Mark Tsai, Taipei; Adam Hwang, DIGITIMES Asia 0

The best entry to telemedicine is to choose a chronic disease, such as sleep disorders, and set up a service platform and ecosystem that can be gradually expanded, according to Rex Cherng, co-founder and COO of US-based telehealth solution provider TelePlus Healthcare.

There are five elements for telemedicine: Analysis, diagnosis, therapy, monitoring and medical care, and they are crucial to running sustainable business models, Cherng said.

To establish a complete and extensible telemedicine platform and ecosystem, it is necessary to make a distinction between telemedicine and telehealth as well as between the concepts of patient-centered and patient-centric, Cherng pointed out.

Telemedicine refers to therapy using various methods of remote treatment including tele-care, tele-surgery, tele-education, tele-consultation, tele-monitoring and tele-prescription, whereas telehealth means long-term use of tele-medical methods to keep improving health, and this is necessary for chronic diseases, Cherng explained.

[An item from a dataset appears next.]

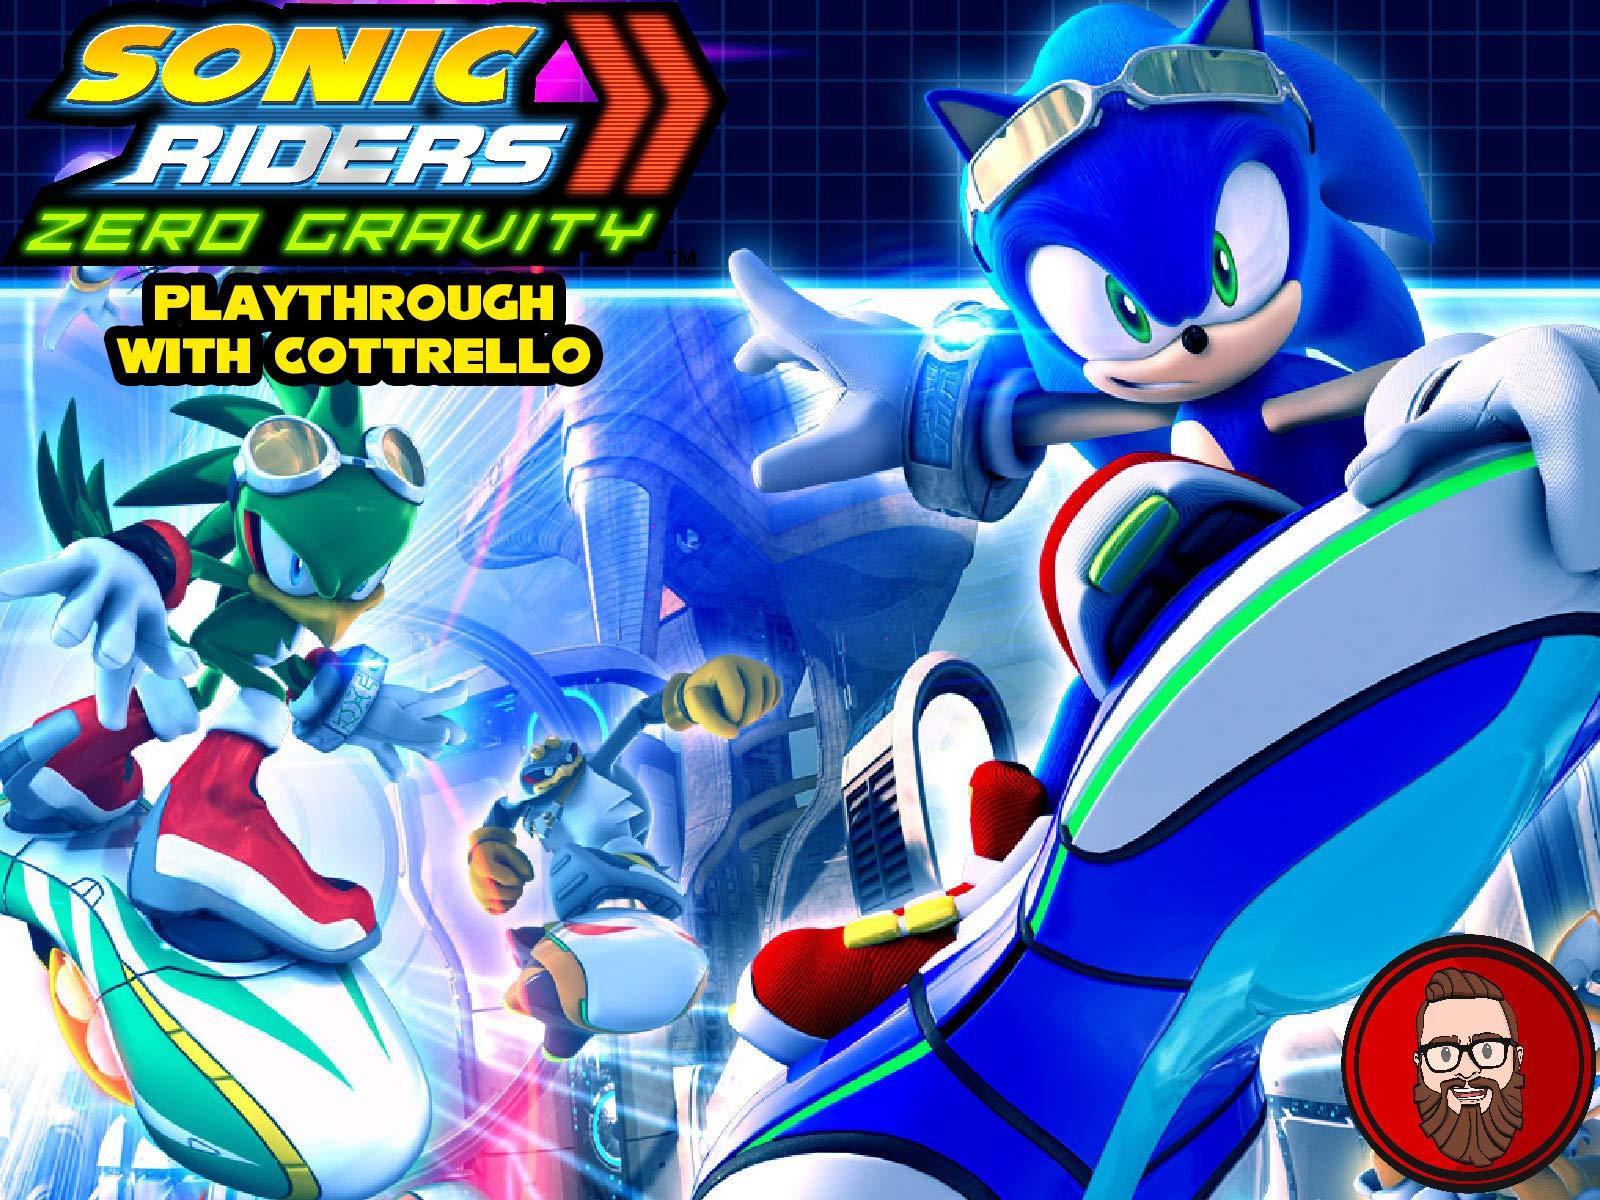 Amazon Com Watch Sonic Riders Zero Gravity Playthrough With Cottrello Prime Video
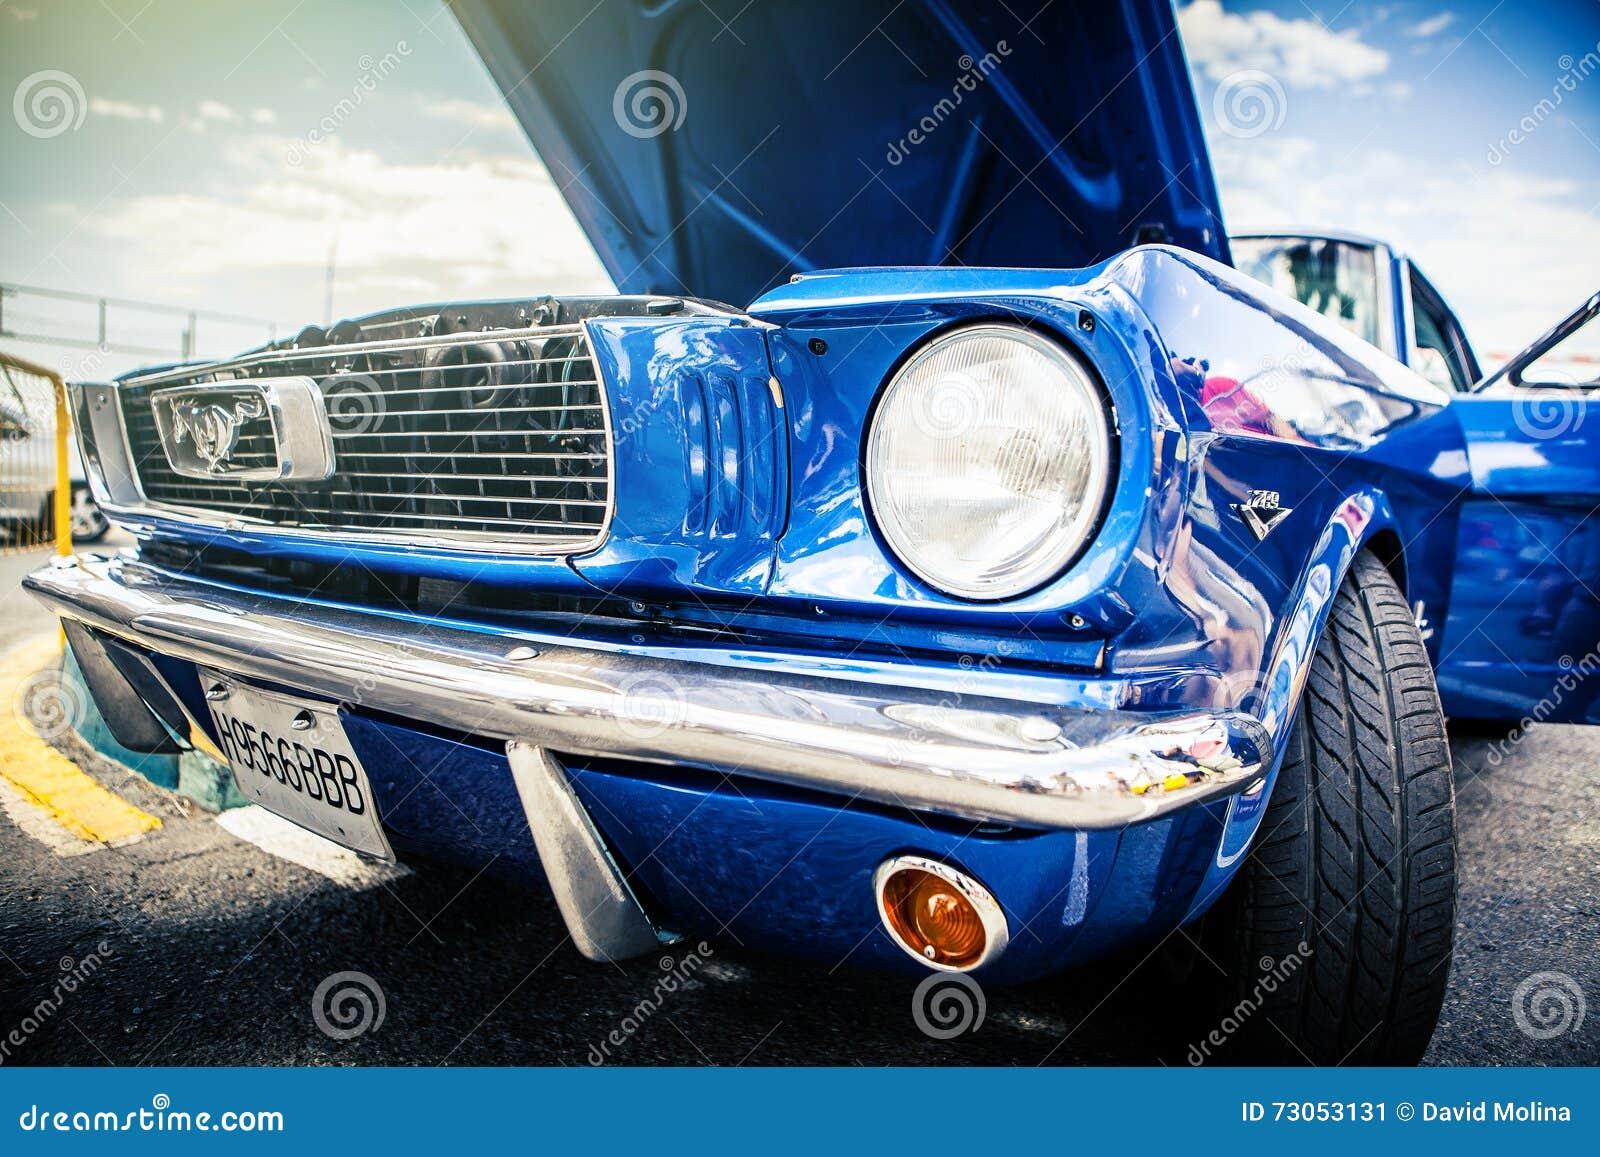 Benalmadena, España - 21 de junio de 2015: Vista delantera de Ford Mustang clásico en color azul

"Patient-centered" means that the medical staff make therapeutic decisions, and patients, with their needs and preference being respected, are persuaded to accept the decisions, Cherng said. "Patient-centric" means personalized medicine where various monitoring methods are used to collect data from individual patients and the data are combined with corresponding medical records to customize therapeutic procedures and patient management platforms, Cherng noted, adding it is characterized by interaction between the patients and medical staff, with the latter keeping modifying therapeutic procedures based on monitoring results.

TelePlus has developed a 5-step personalized precision sleep and chronic disease platform, a sleep medical solution based on the concepts of telehealth and patient-centric, Cherng indicated. The platform is actually an online virtual sleep medical center that is available for free use by hospitals and clinics, letting them do without setting up their own, Cherng said.